What are your plans for the future? Will there be a Chief Zabu 2?
We’d love to make a Chief Zabu 2, perhaps with a plot about the son of Zabu returning to New York and seemingly falling into the same traps as his father – only to reveal that Chief Zabu II is a much wilier character and is actually returning to the US to take his revenge by turning the tables on the sons, daughters and nephews of all those guys who made their fame and fortune off of the original Chief Zabu. Will there be a Chief Zabu II, though?
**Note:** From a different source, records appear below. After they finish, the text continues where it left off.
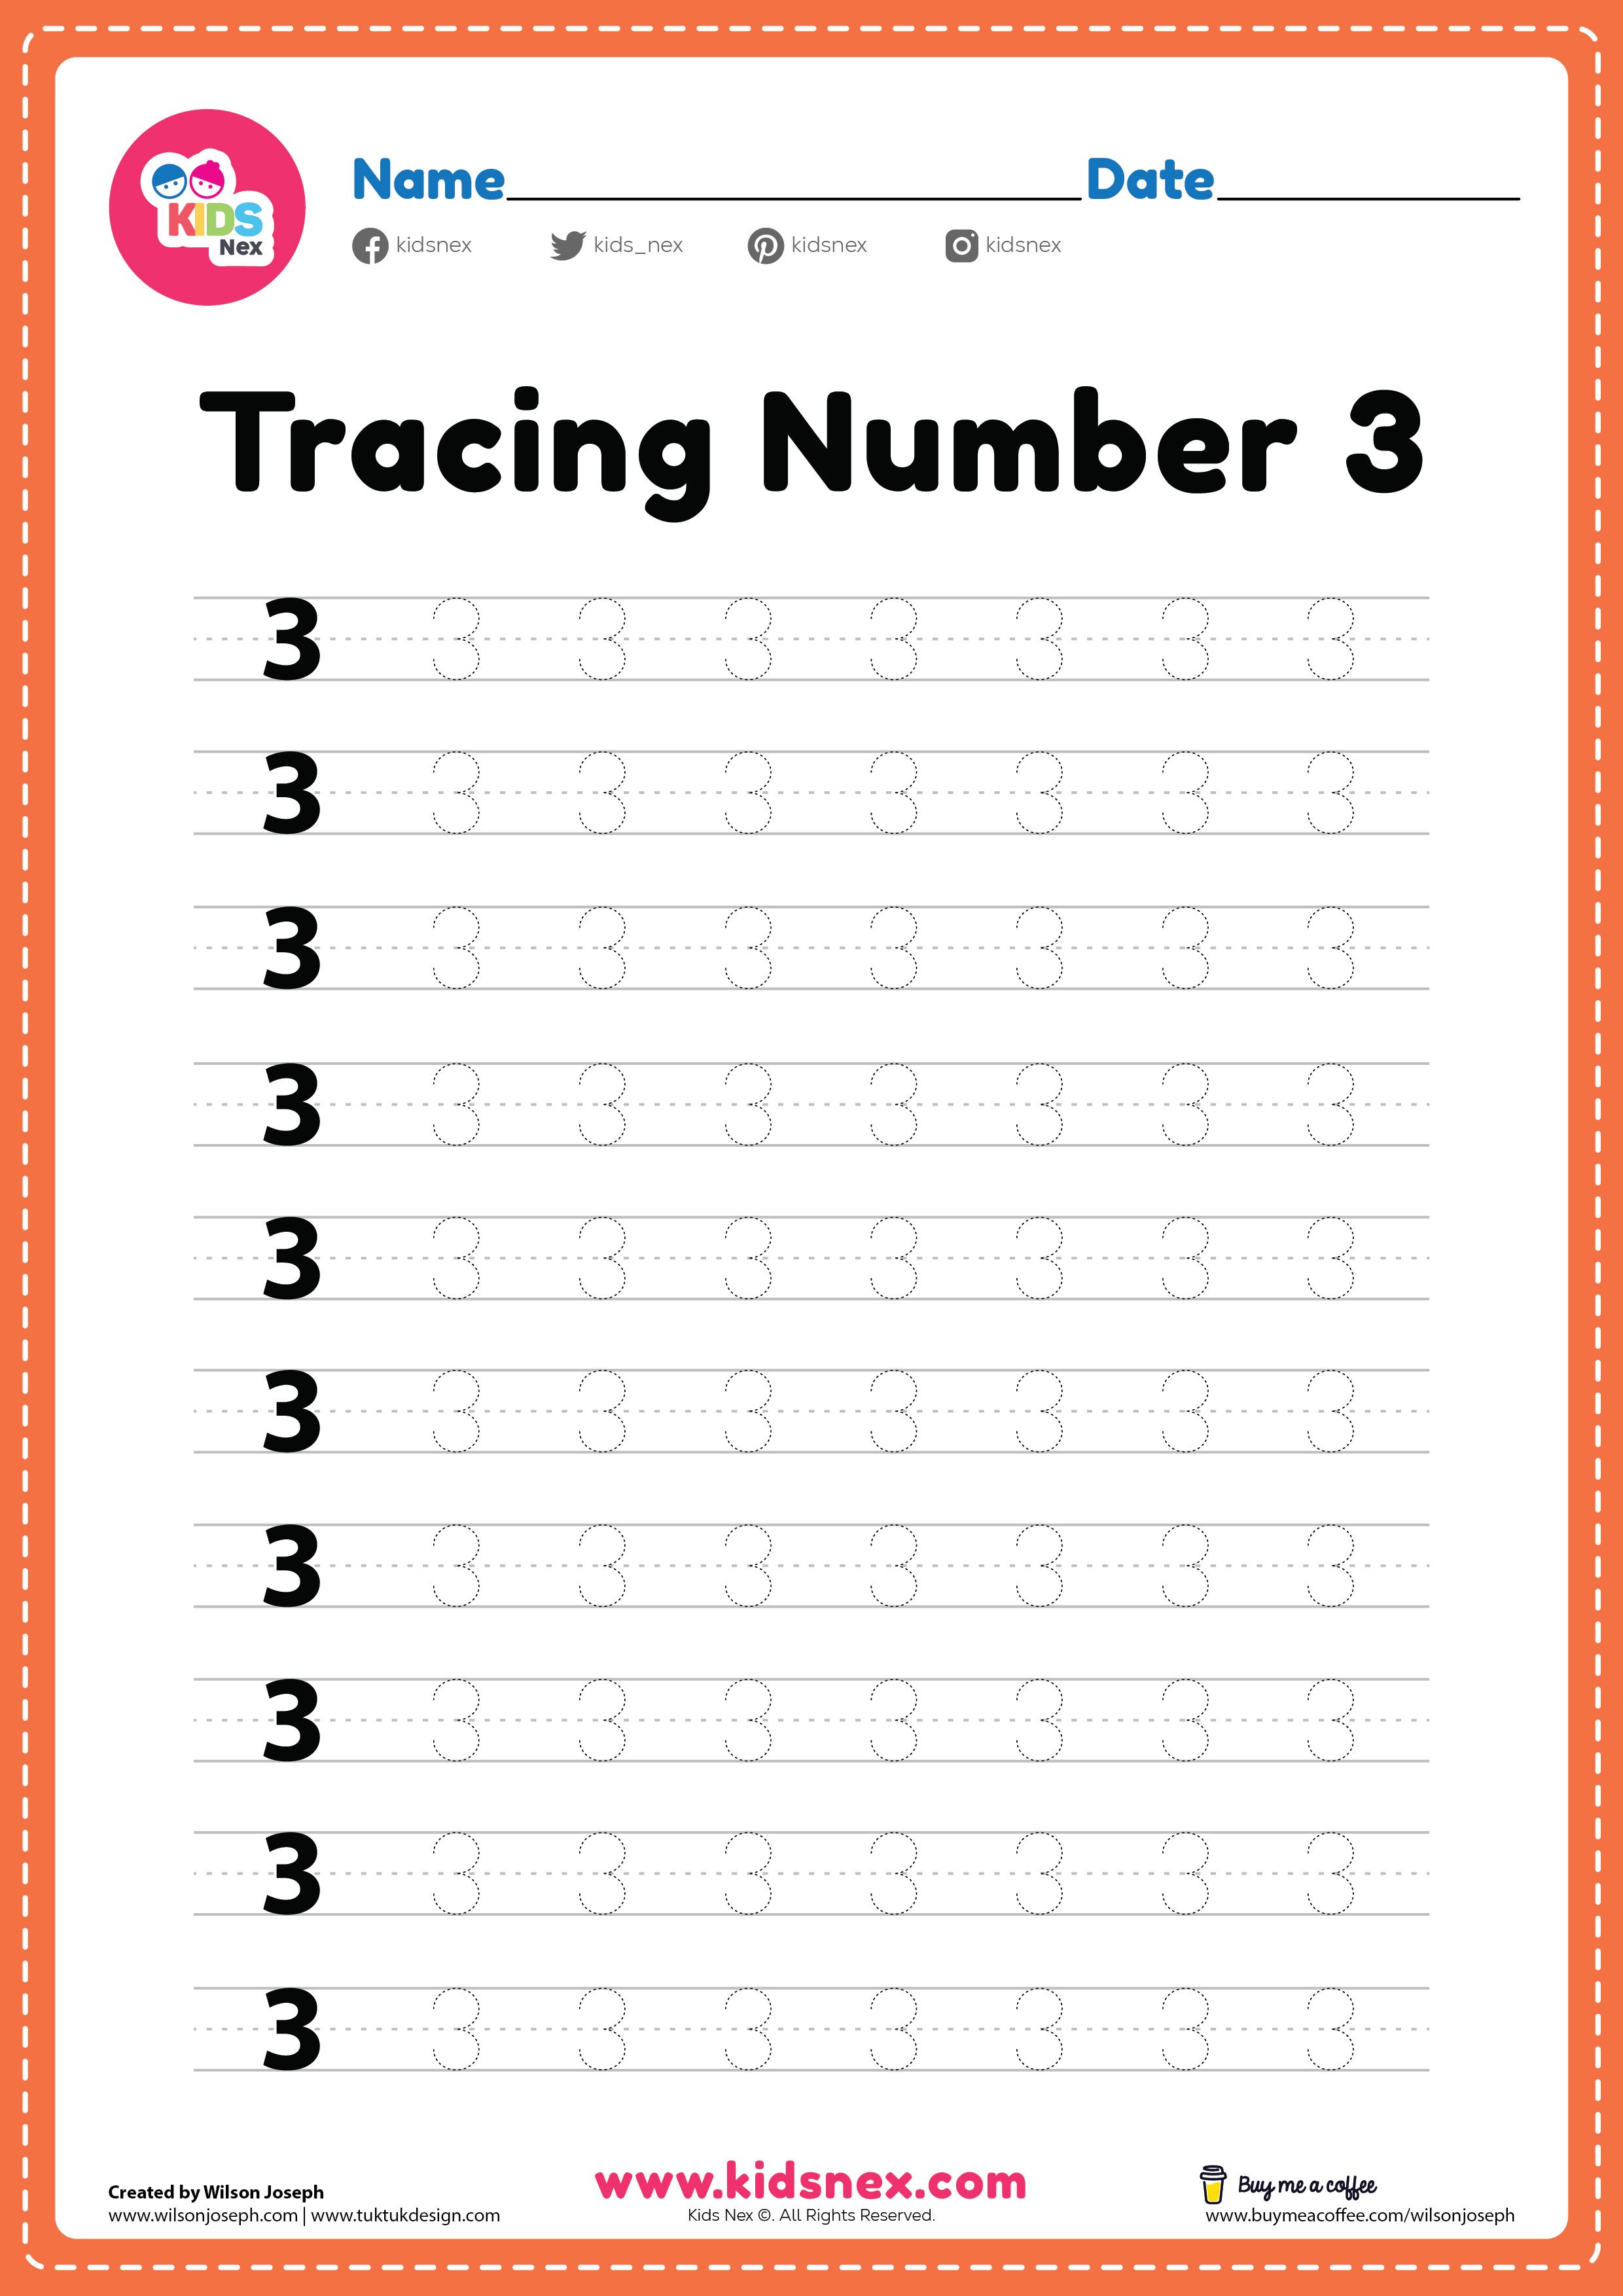 number-3-tracing-worksheets-pdf-goimages-io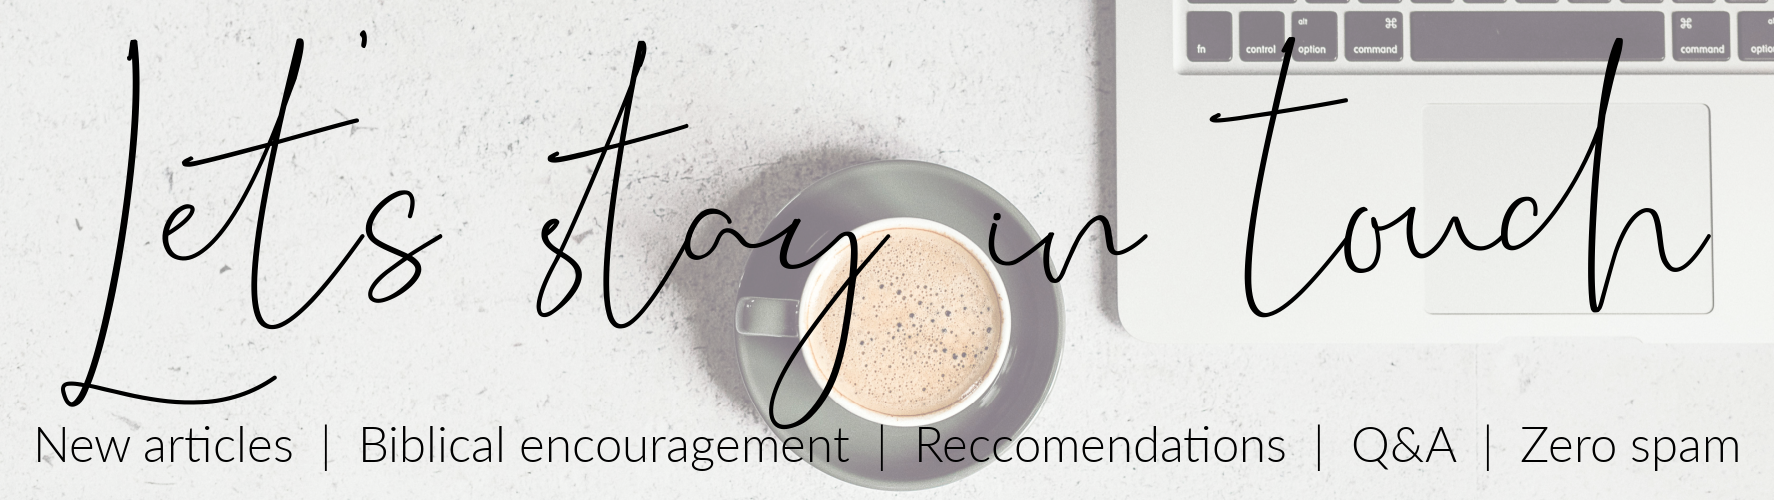 Let's stay in touch! New articles, biblical encouragement, recommendations, q&a, and more! (Zero spam!)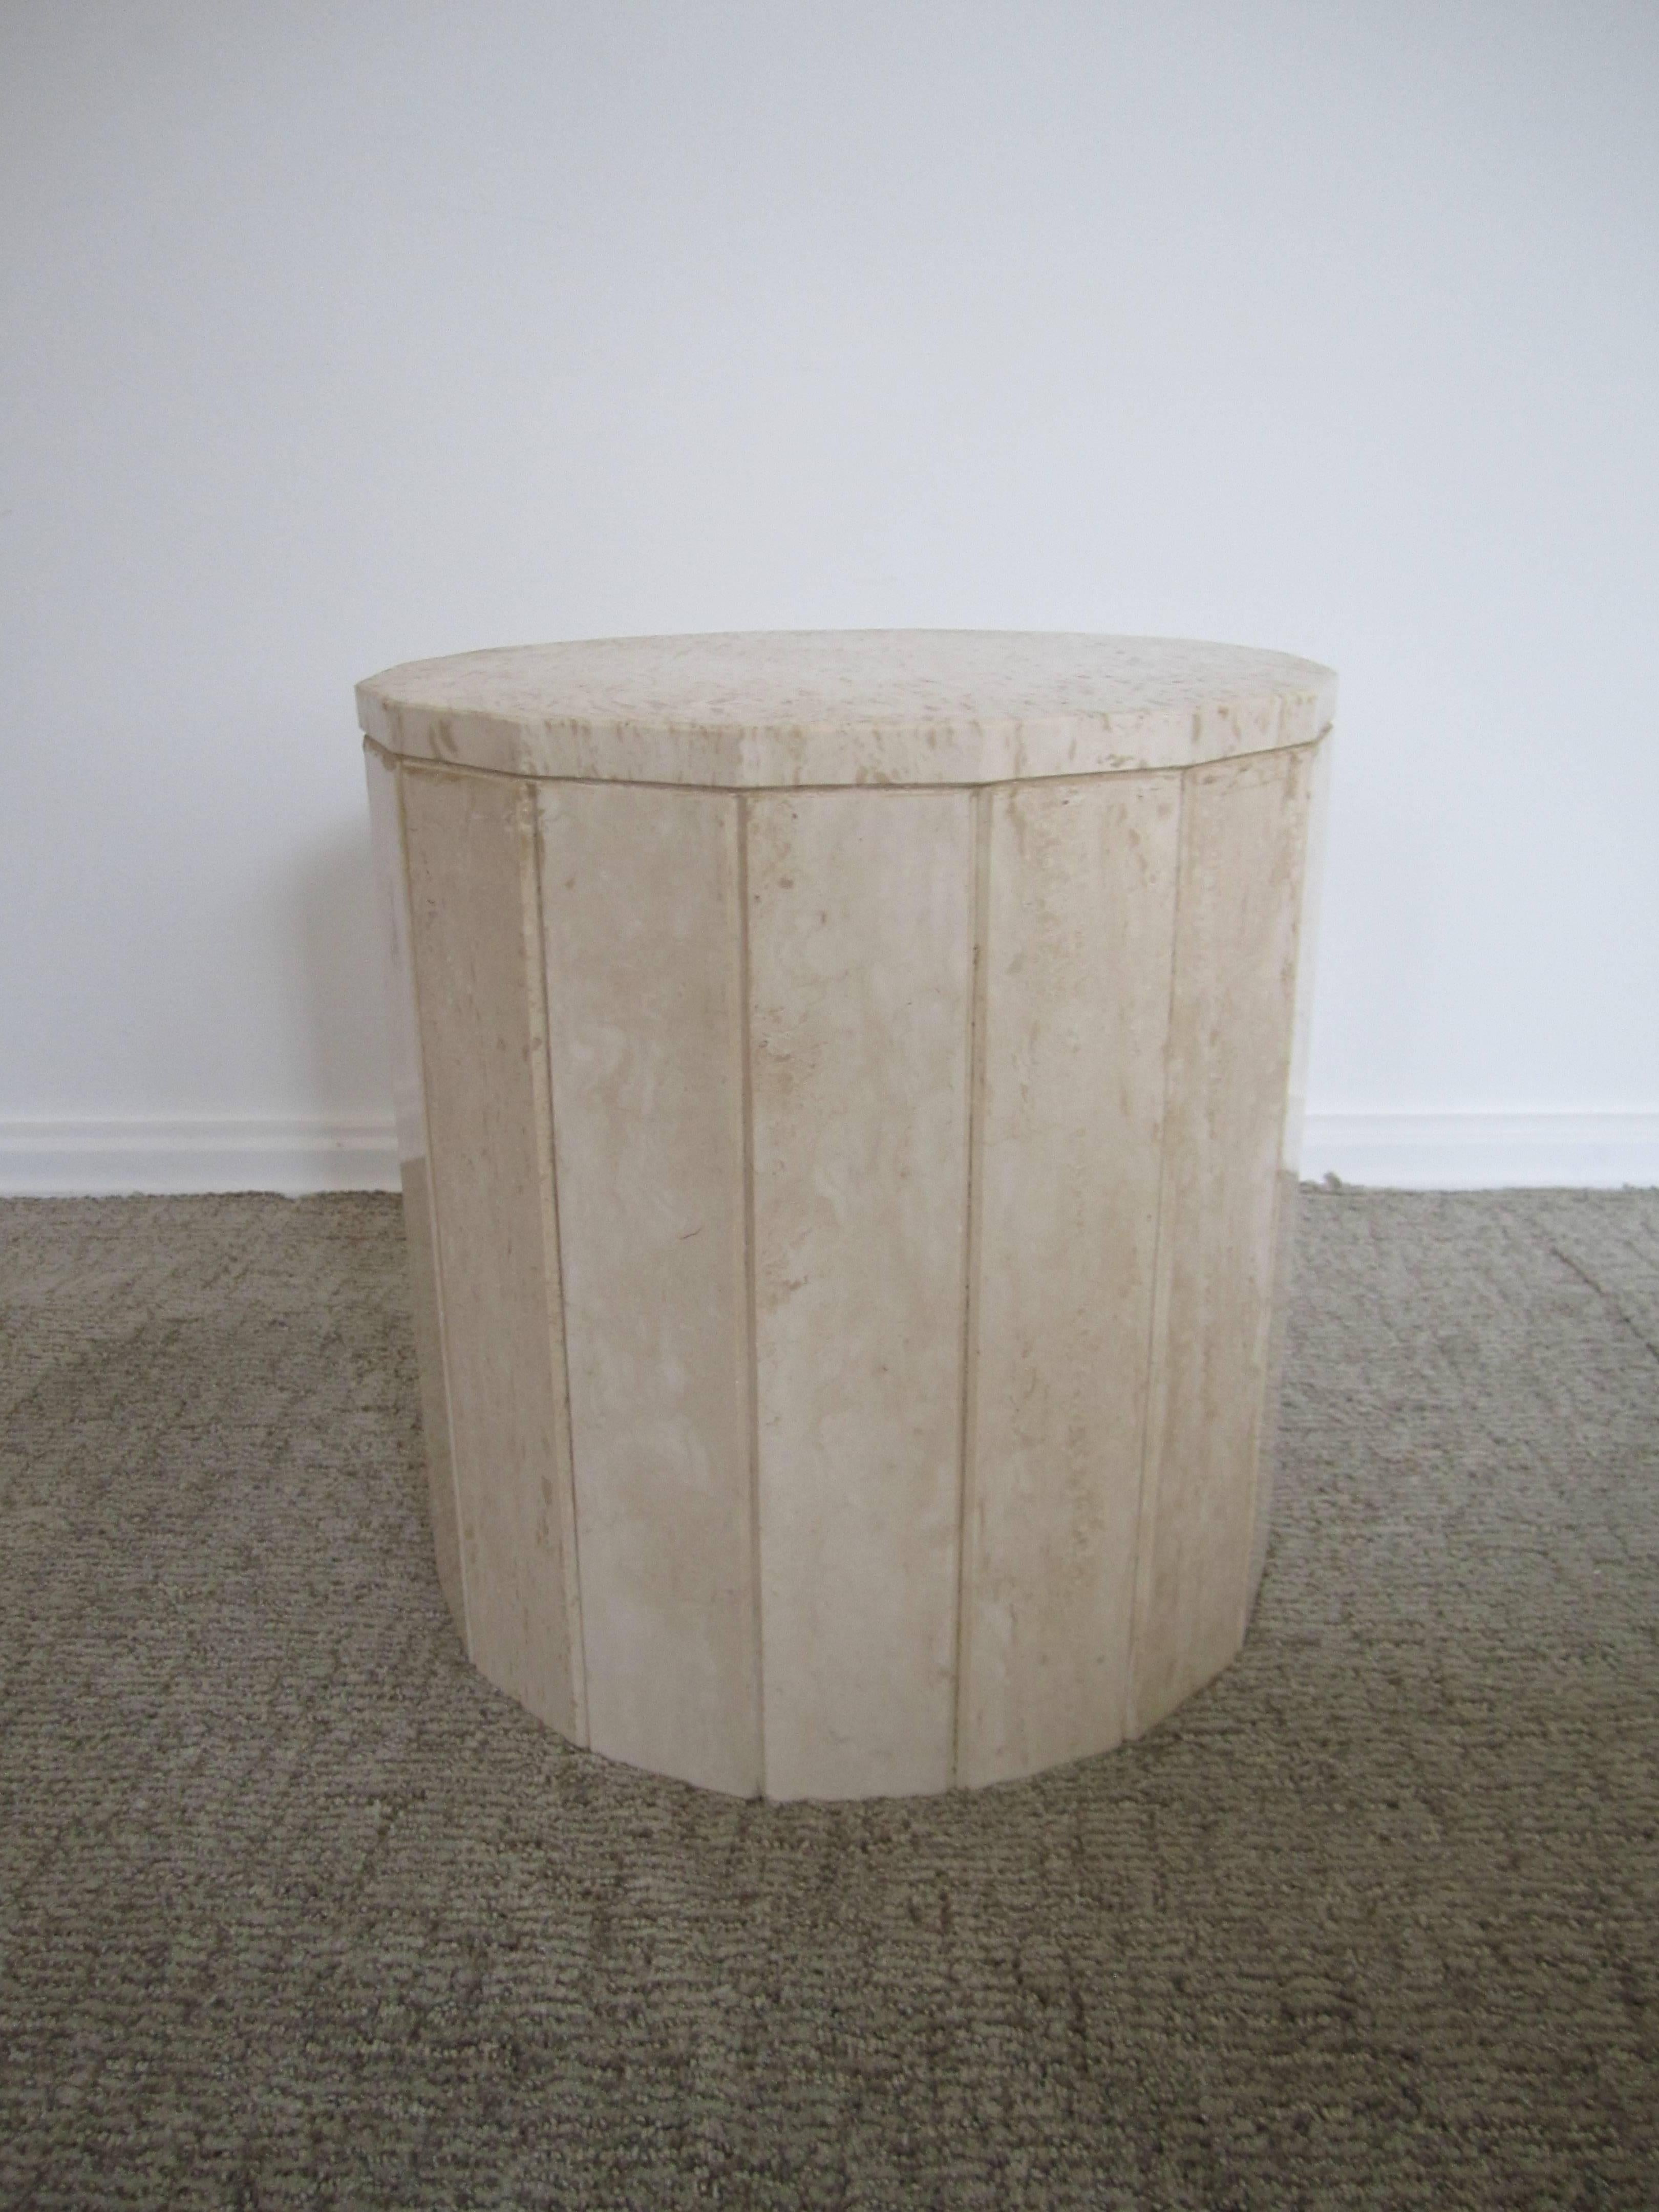 A substantial Italian travertine marble Modern style round side table or pedestal table, circa late-20th century, Italy. Travertine is 'beige' or 'sand' in color. Side table has a 'hexadecagon' shape of 16 sides. Table is very substantial so it can

Unlikely, though this release in itself can be billed as Chief Zabu III! As for plans for the future: I’m writing a pilot for a limited series television thriller, developing a comedy play set in the world of opera in 1800’s America, and hoping to see my illustrated book for kids, American Gargoyles, become an animated Christmas special, something I am told is in the works. As for Zack, there are seven versions of Zack Norman functioning on different planes all at the same time so his many plans for the present and future can only bring a smile.